Similarly, the macrophage inflammatory protein-1 γ (best known as CCL9) is upregulated in murine models with obesity (30) and is considered another important agent in the recruitment of MDSCs in the TME (31). CCL9 may induce CD11b+Gr1+ MDSC expansion after binding CCR1 (particularly in G-MDSCs from spleen and bone marrow) in oral squamous cell carcinoma (OSCC)-bearing mice after treatment with a high-fat diet (HFD). This diet boosted the immunosuppressive effects of MDSCs via intracellular fatty acid uptake (32).

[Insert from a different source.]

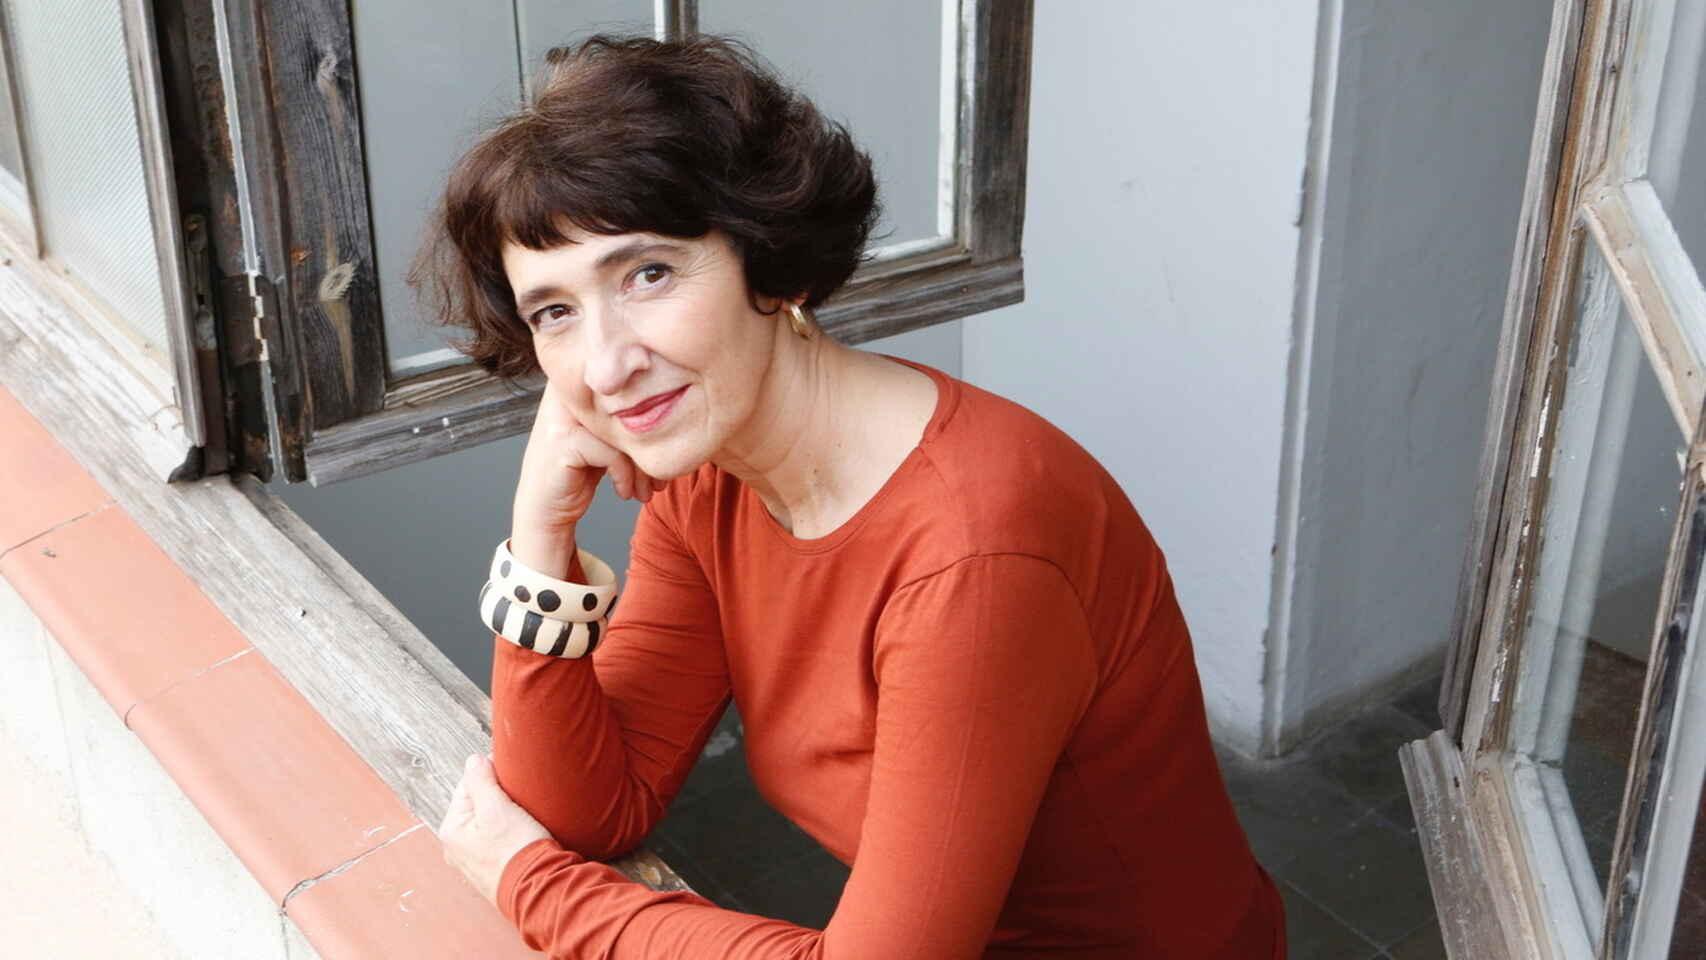 La pintora Eva Armisén. Cano Estudio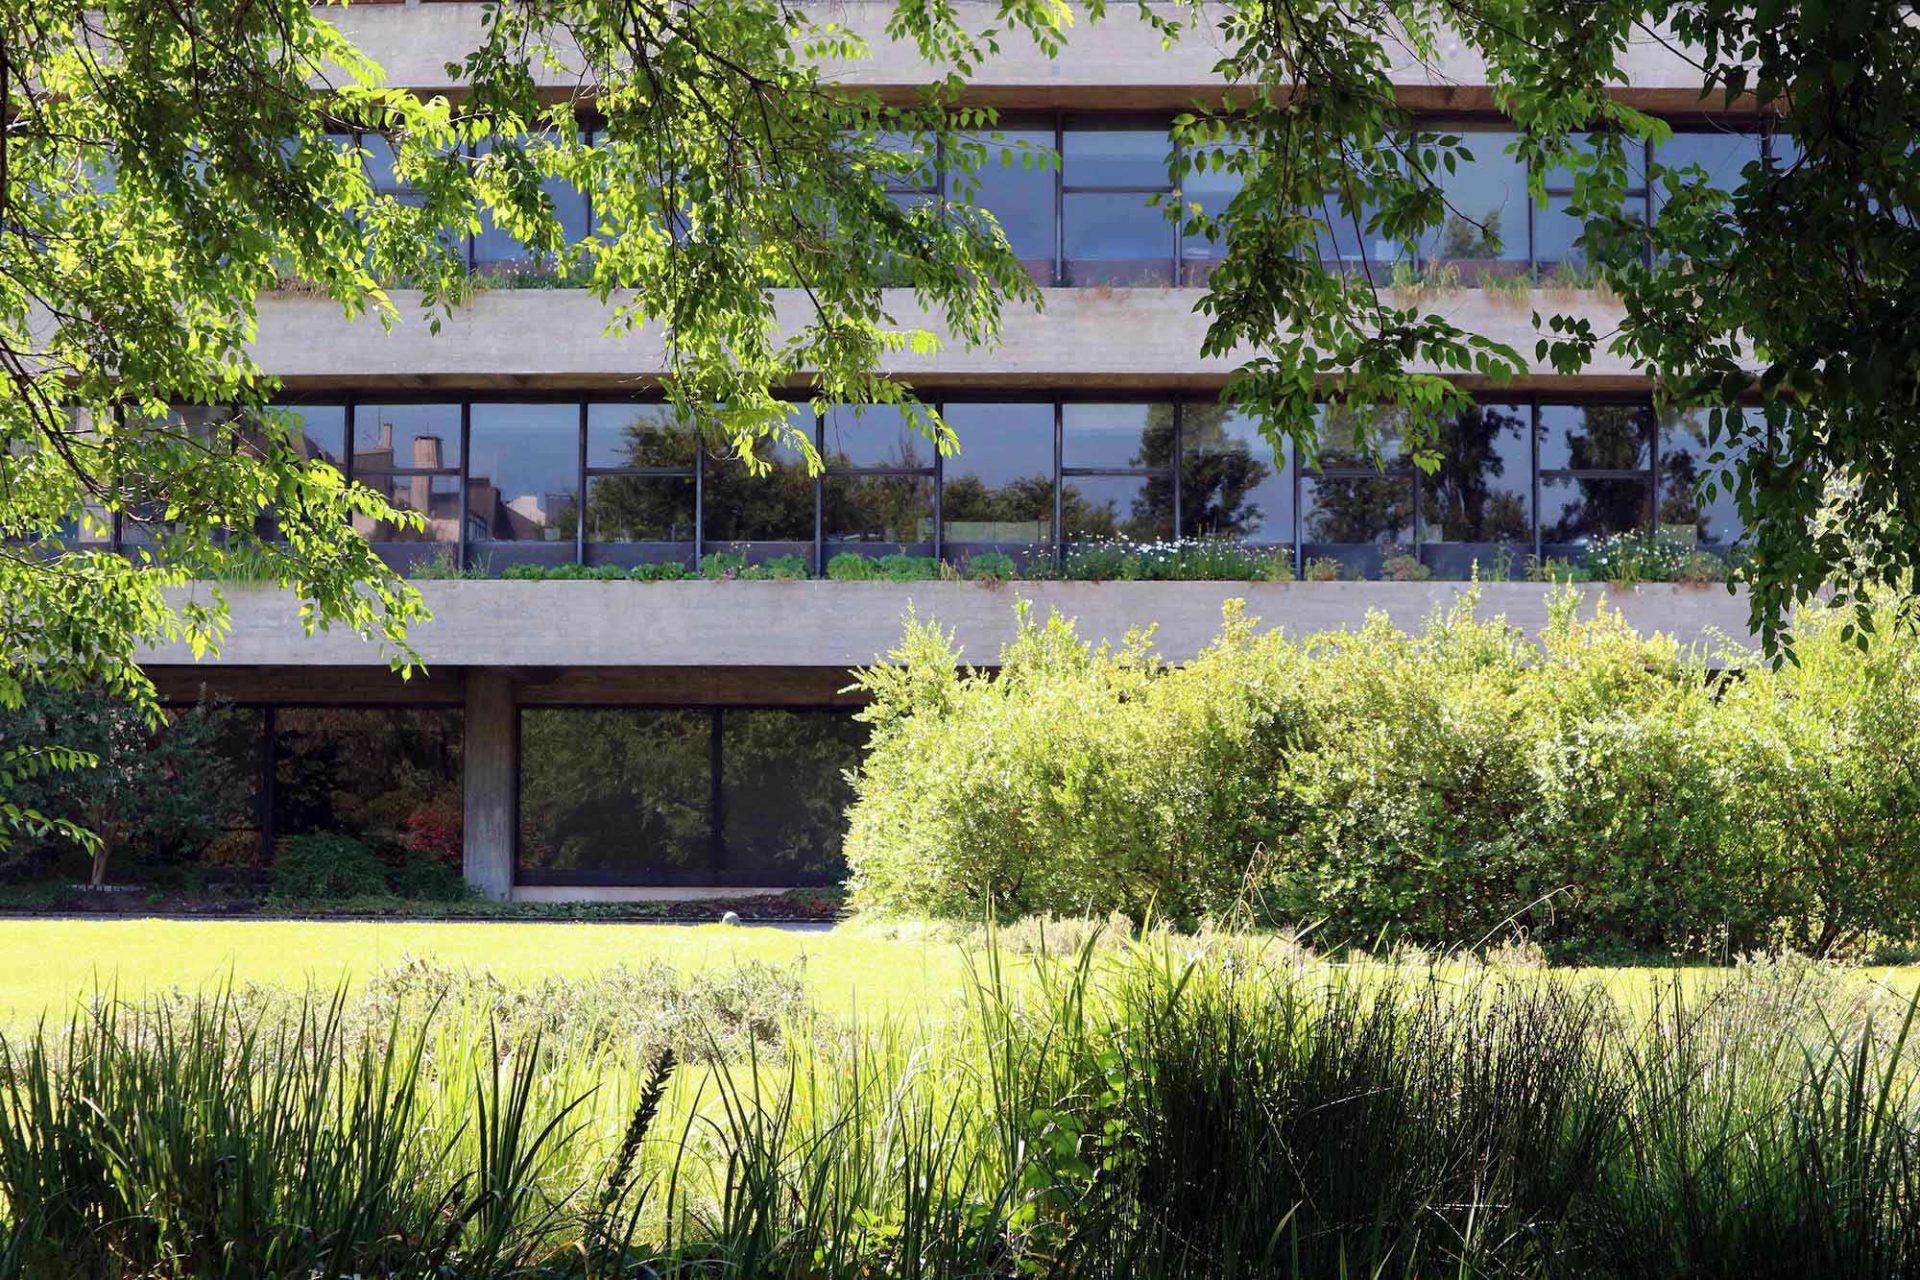 Der Stiftungssitz. Die modulare Wiederholung, das strenge Design und die harte Materialwahl aus Glas und Beton stehen dabei einerseits im starken Kontrast zur Natur.

In, thymus-expressed chemokine (best known as CCL25), together with GM-CSF, S100A8 and S100A9 (both upregulated by IL5 and IL-6), were indicated to be involved in MDSC recruitment and expansion in peripheral blood, the bone marrow and tumor tissue from obese ovarian cancer-bearing mice (33). The key role of IL-6 has also been demonstrated in a pancreatic cancer mouse model with HFD-induced obesity. The HFD led to G-MDSC and M-MDSC expansion, tumor growth and proliferation, and failure of T-cell responses (34).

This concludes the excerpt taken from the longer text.